Estes achados apontam para a necessidade de modelos teóricos que ampliem as noções de estresse e coping e contemplem os aspectos envolvidos no processo de adaptação familiar (ou não) a problemas crônicos de saúde em seus membros. Portanto, a eventual presença de estresse em irmãos de portadores de TGD será compreendida a partir de um modelo mais amplo que os tradicionais, isto é, ou cognitivo ou sistêmico, pois busca levar em consideração as transações entre esses processos intra e extra-familiares, especificamente na área da psicologia da saúde.

O meta-modelo de Adaptação Familiar à Doença Crônica3 proposto por Bradford (1997) surgiu a partir da experiência clínica do autor com as famílias de crianças com doença crônica e de sua constatação sobre a falta de articulação entre o conhecimento gerado pelas pesquisas e sua aplicação clínica.

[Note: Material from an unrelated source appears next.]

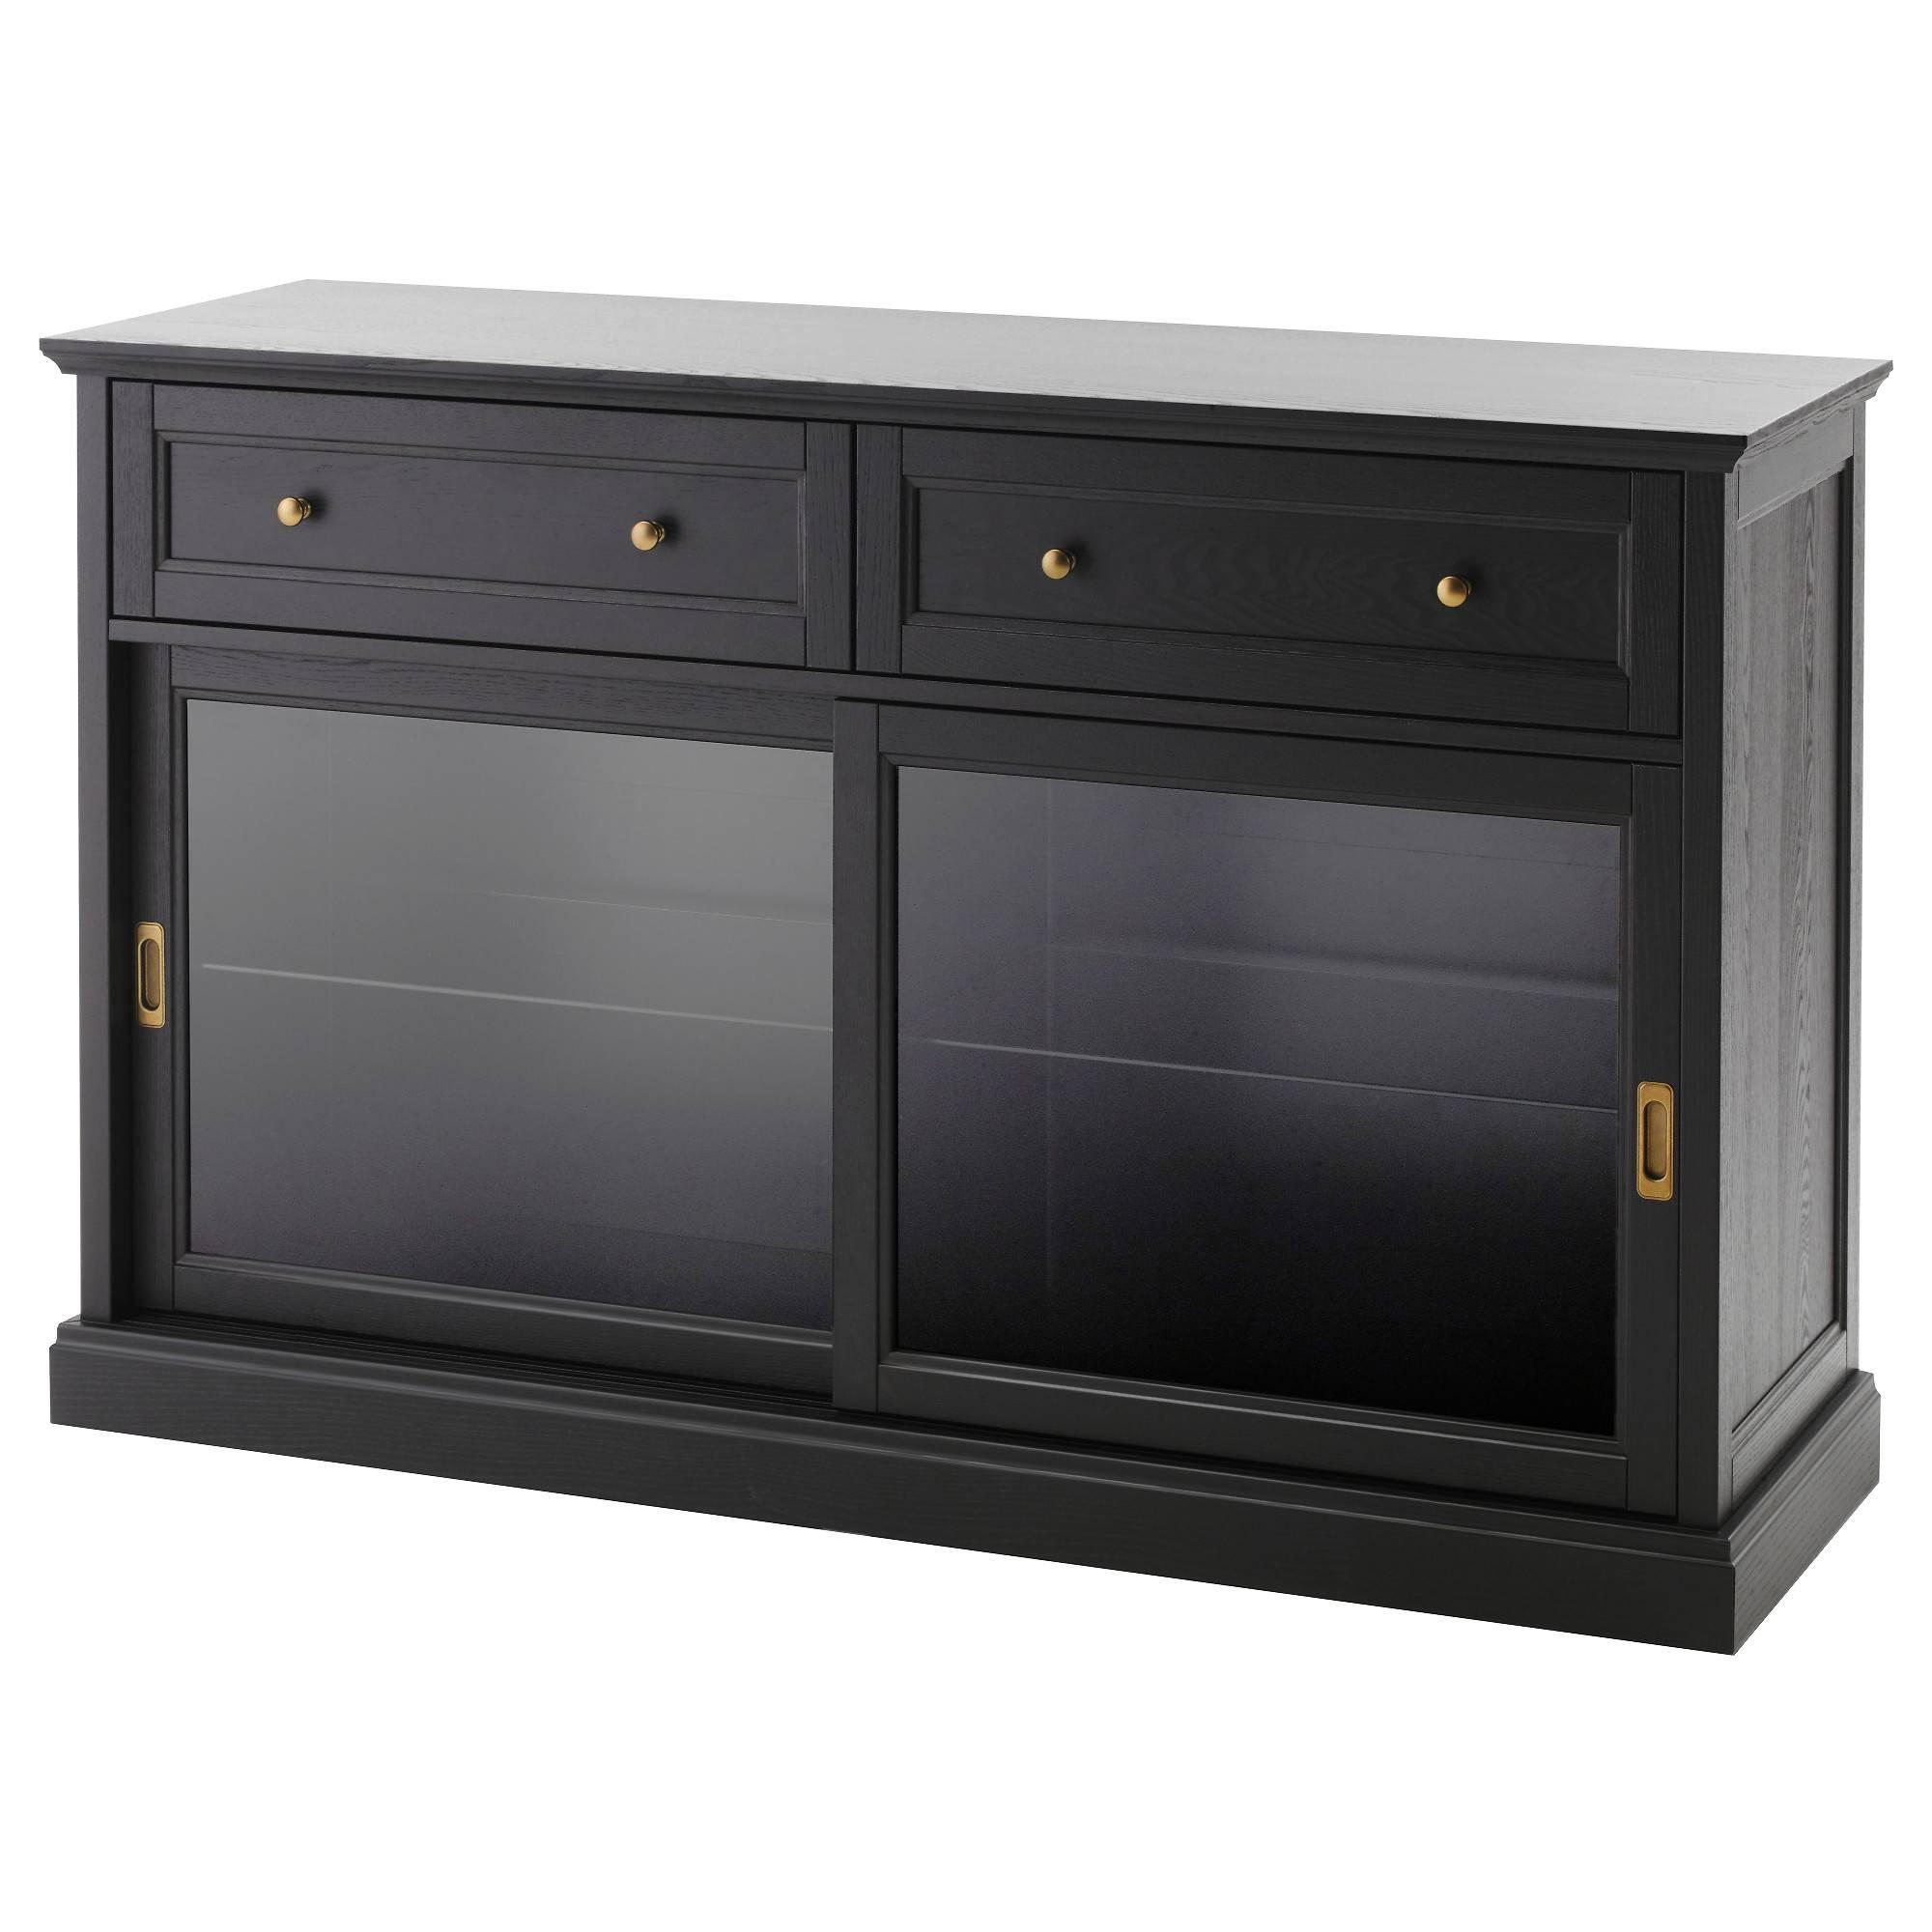 Sideboards & Buffet Cabinets | Ikea Regarding Small Black Sideboards (#8 of 20)

O foco de interesse do autor é a compreensão de fenômenos envolvidos nas condições potencialmente incapacitantes, sejam elas físicas ou mentais. Dessa forma, os aspectos psicossociais de uma determinada condição não são separados da sua dimensão biológica. O modelo preocupa-se em investigar tanto as peculiaridades de uma doença quanto às similaridades com outras condições, não desprezando os processos de desenvolvimento individuais e os do ciclo familiar. Bradford (1997) critica o uso indiscriminado e superficial dos conceitos utilizados em áreas mais amplas do conhecimento (saúde mental, desenvolvimento, personalidade), como, por exemplo, estresse, coping, adaptação, etc., sem a devida articulação com os processos familiares e o contexto de saúde.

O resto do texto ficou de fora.